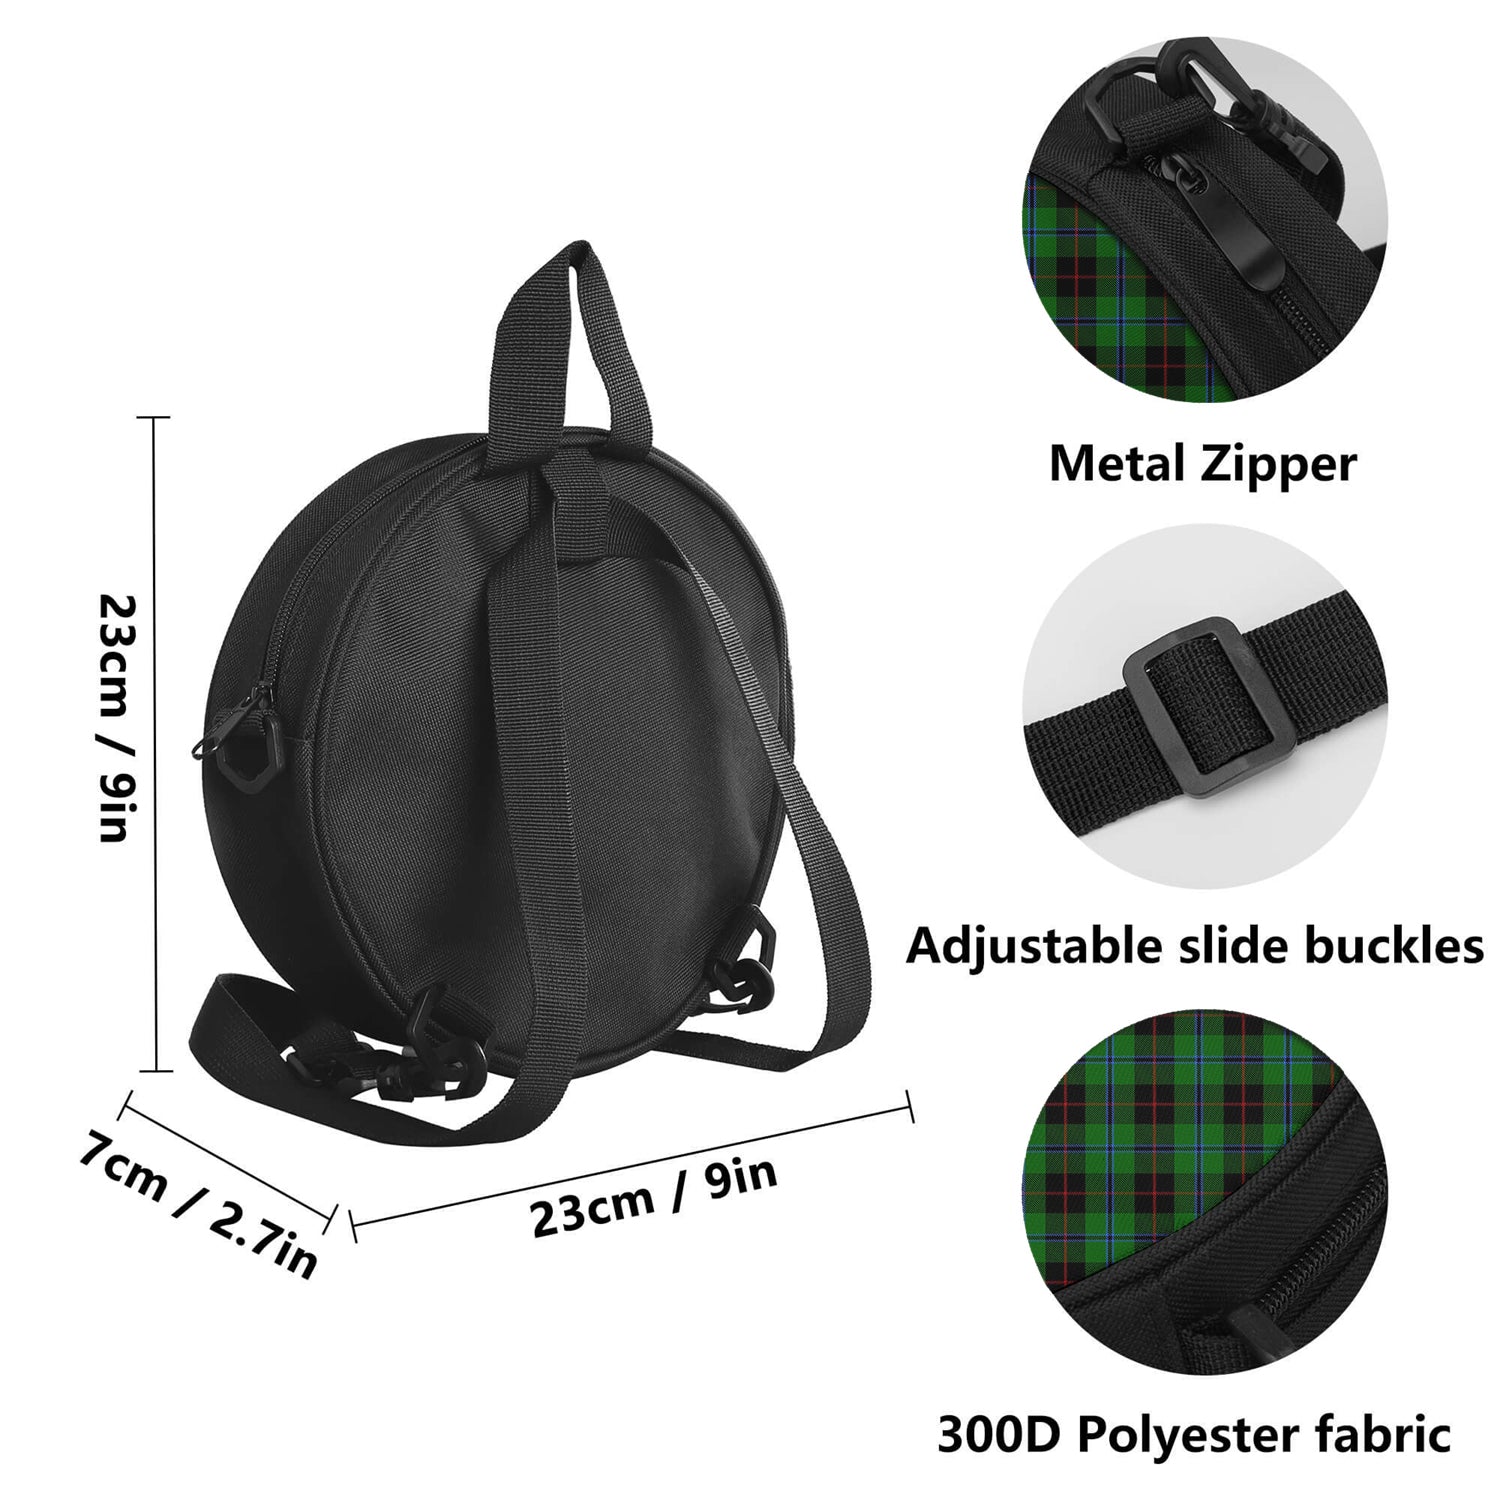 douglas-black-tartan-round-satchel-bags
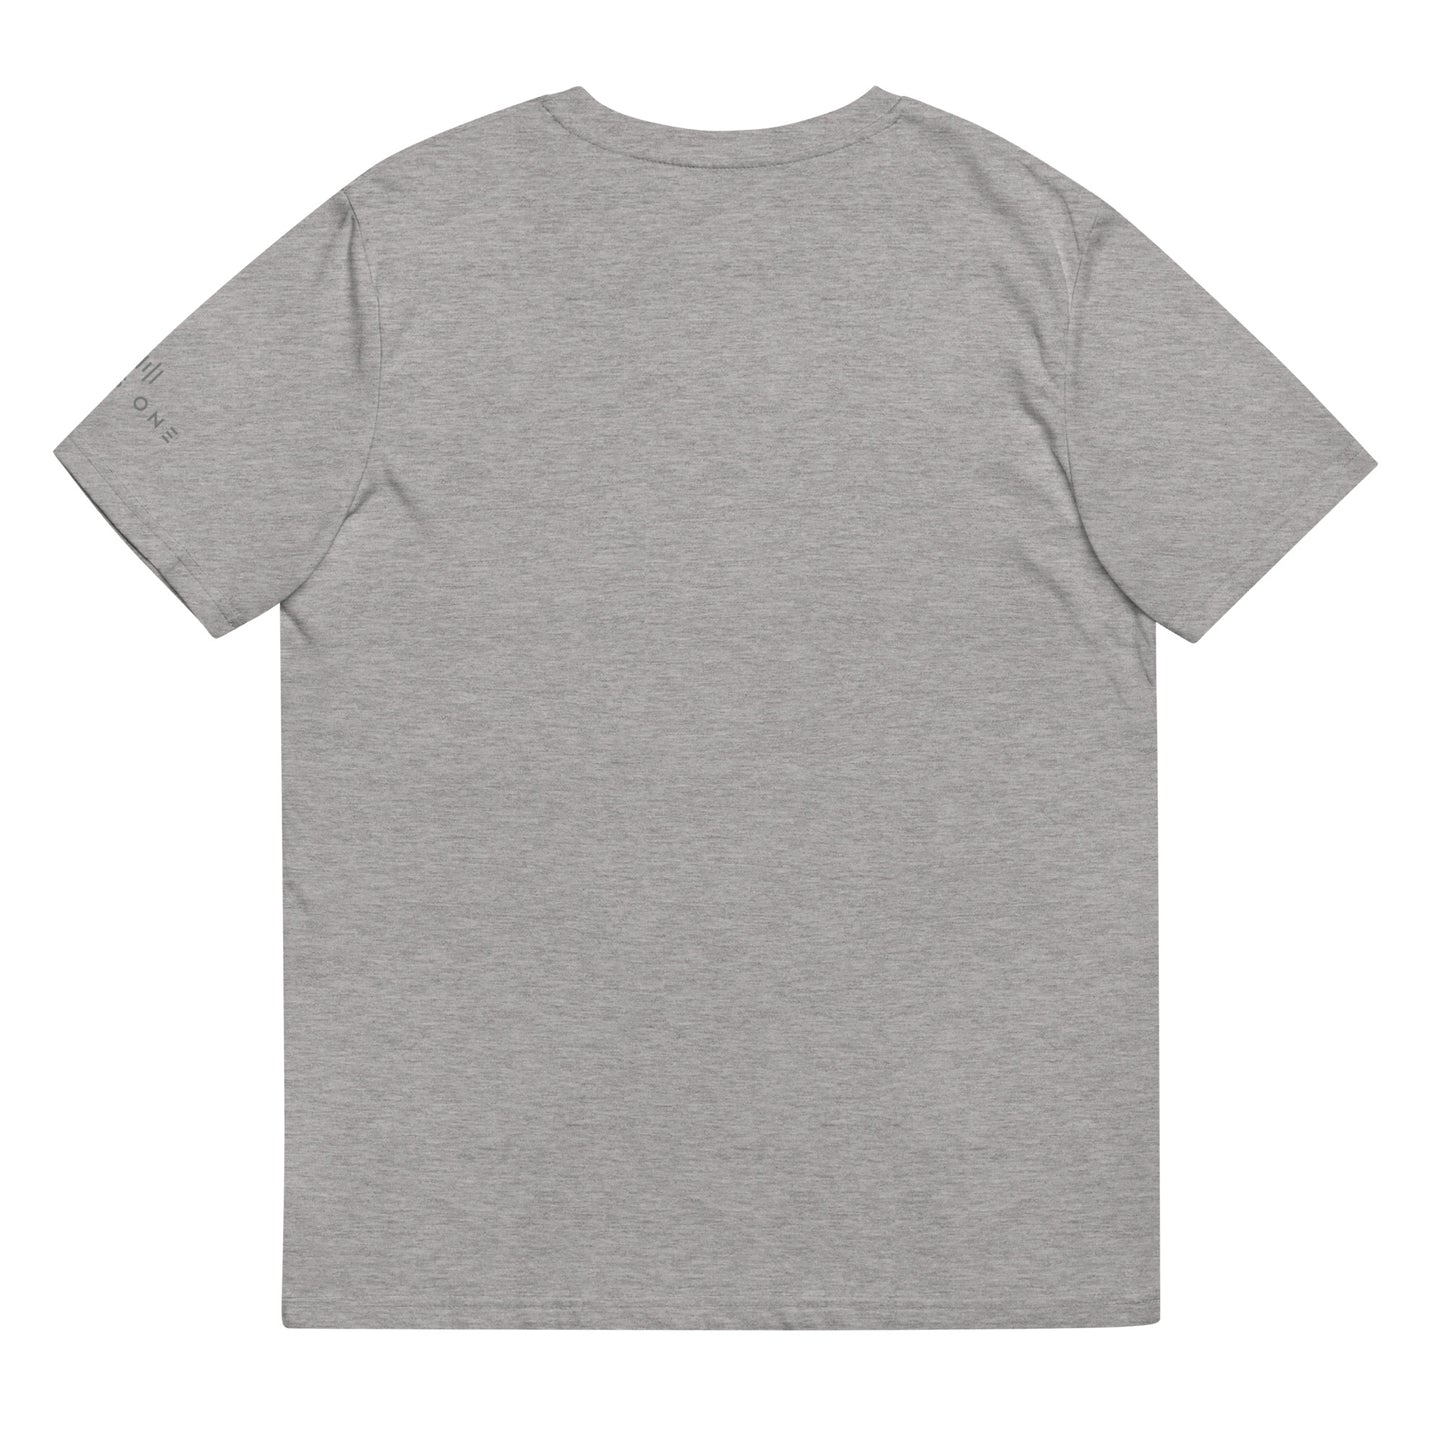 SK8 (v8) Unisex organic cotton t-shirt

···

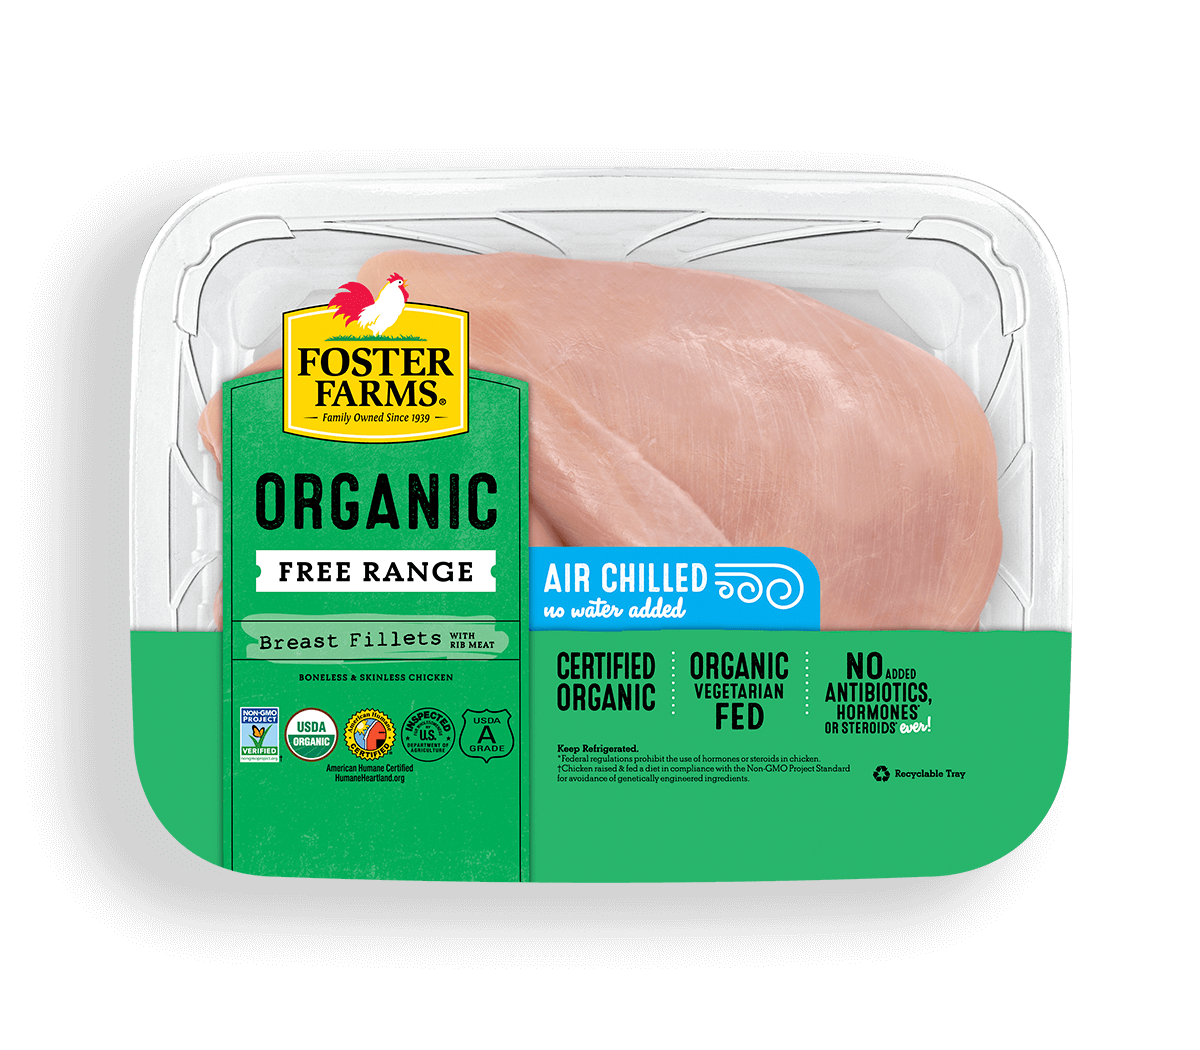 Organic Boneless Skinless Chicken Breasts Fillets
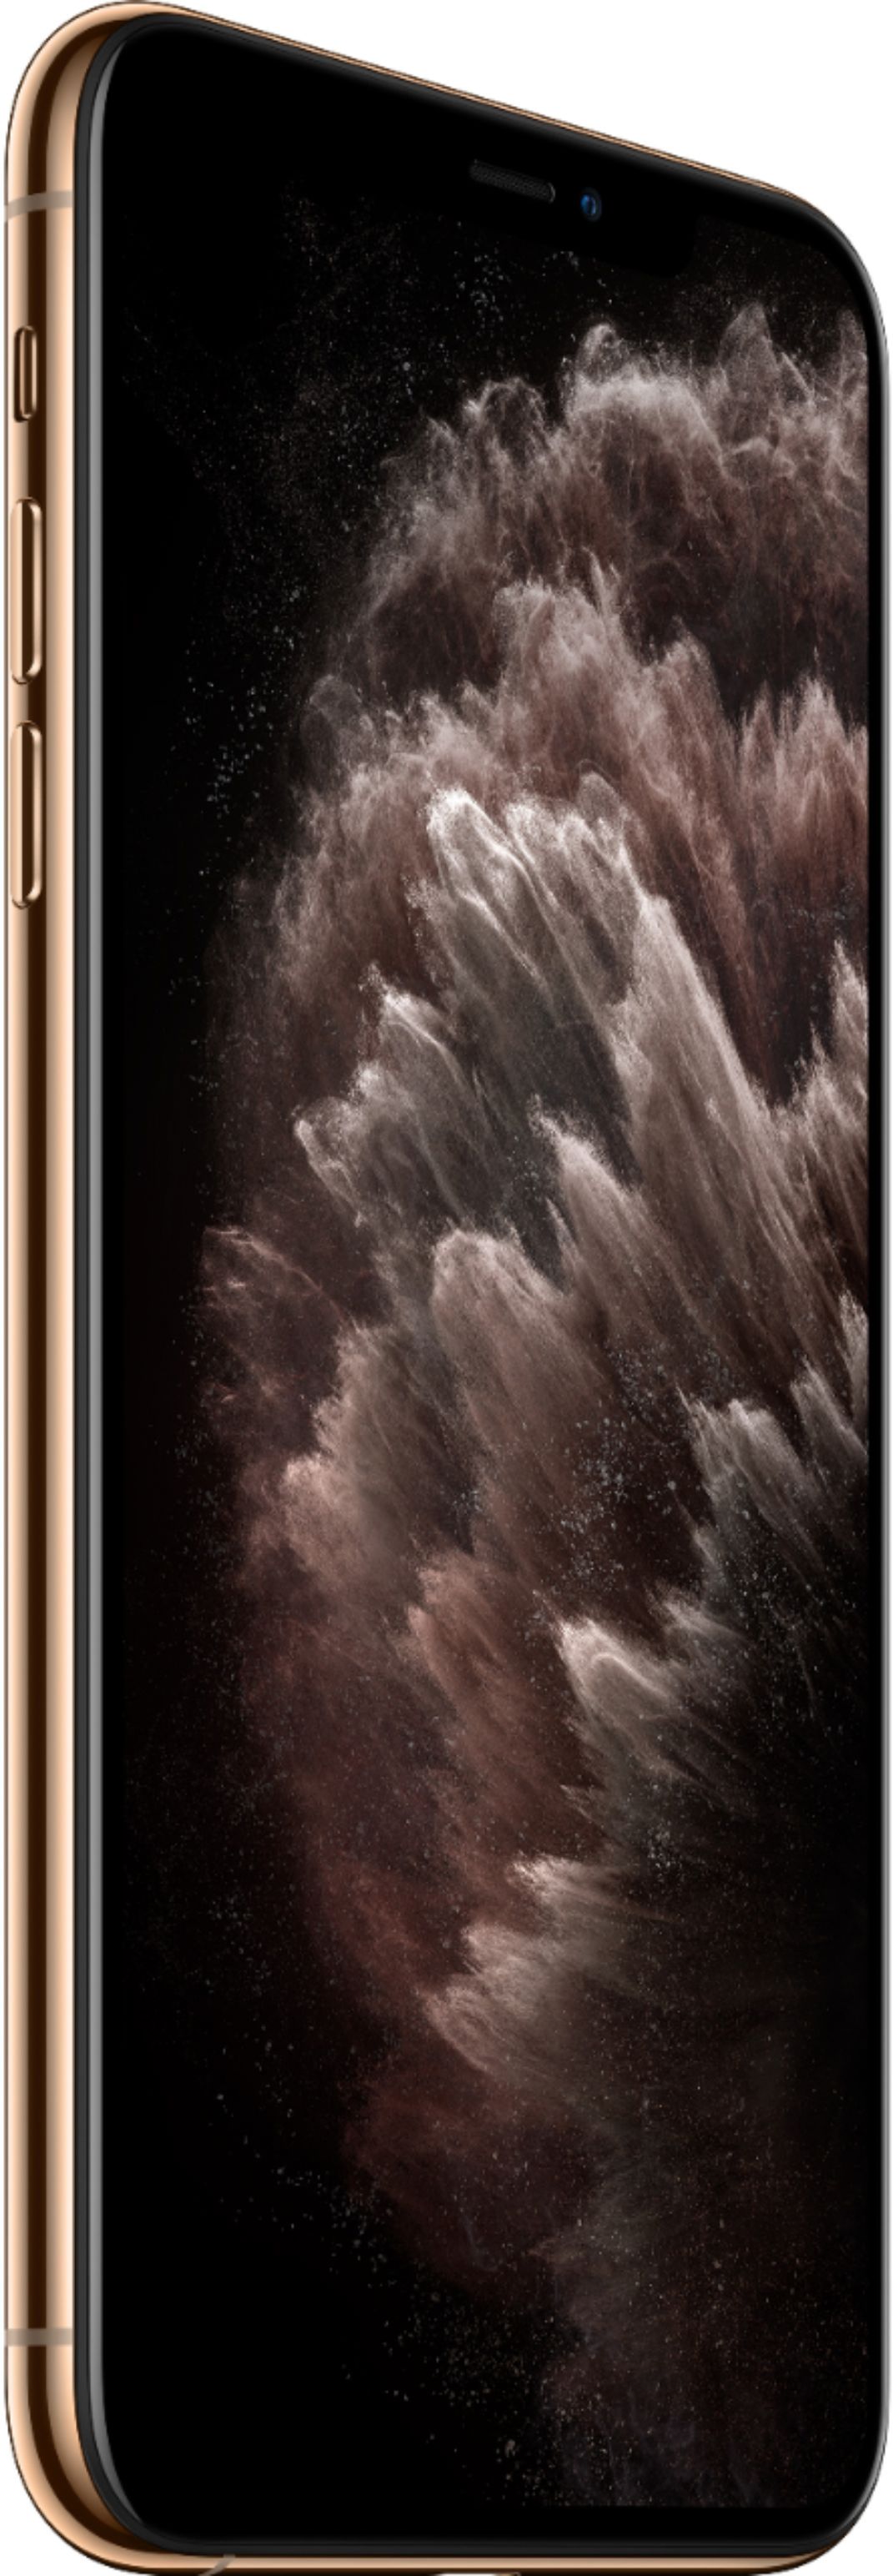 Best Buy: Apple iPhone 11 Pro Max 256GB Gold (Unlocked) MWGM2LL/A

···

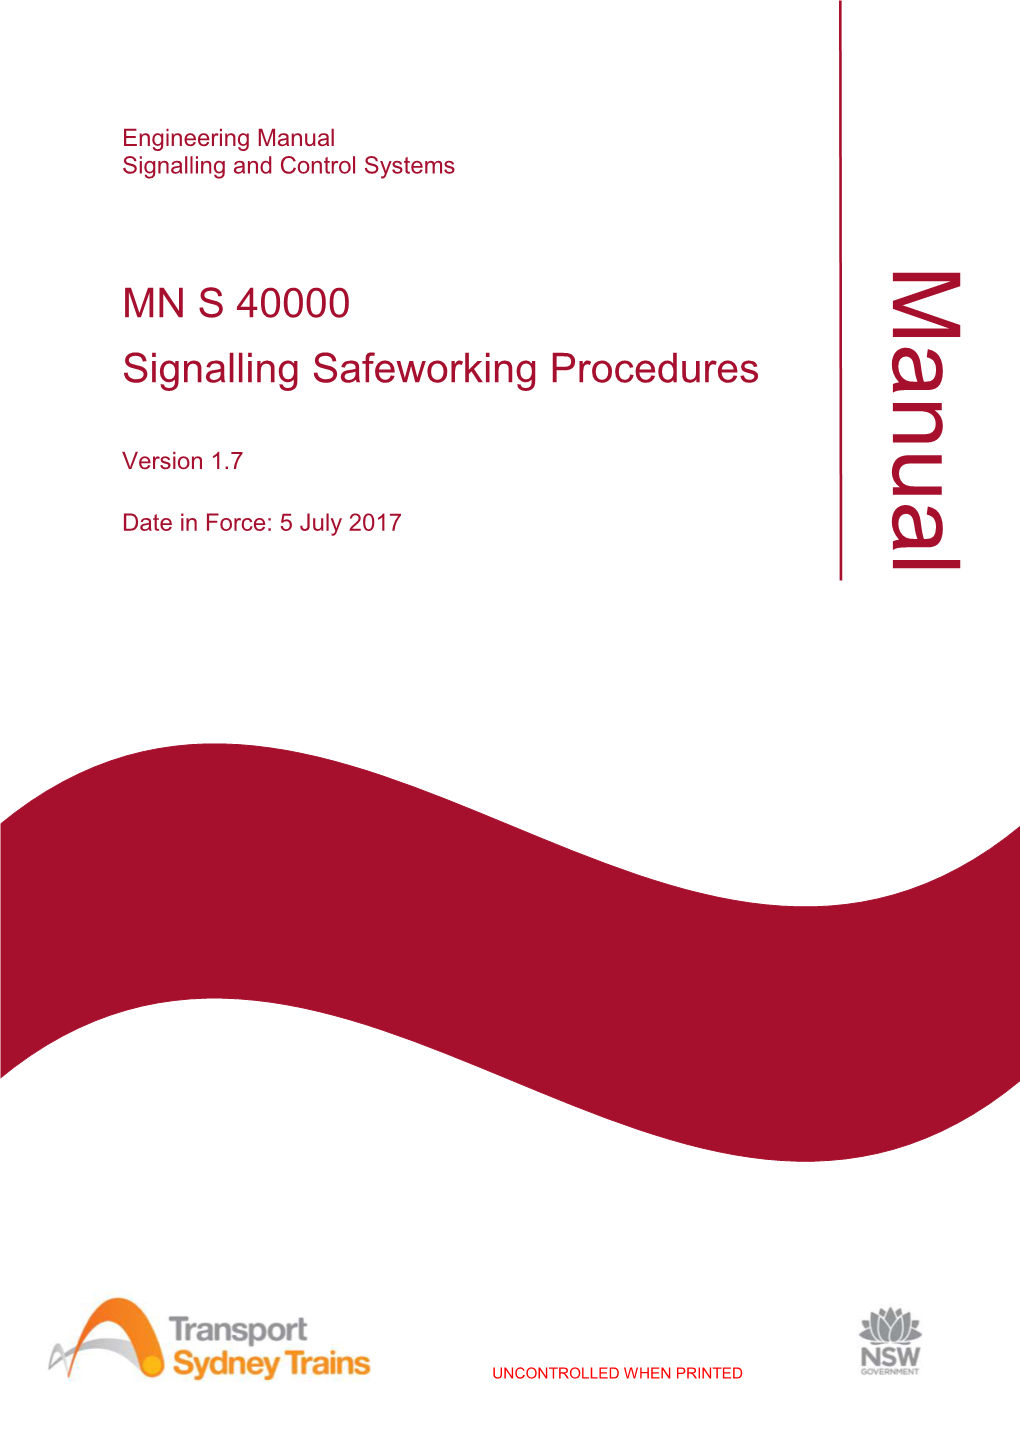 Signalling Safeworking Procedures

···

■ Description of the task ■
Return exactly the lines above, from the one with "douglas-black-tartan-round-satchel-bags" up to and including the one with "SK8 (v8) Unisex organic cotton t-shirt", and include no pictures.

■ Answer for this exercise ■
 douglas-black-tartan-round-satchel-bags
 SK8 (v8) Unisex organic cotton t-shirt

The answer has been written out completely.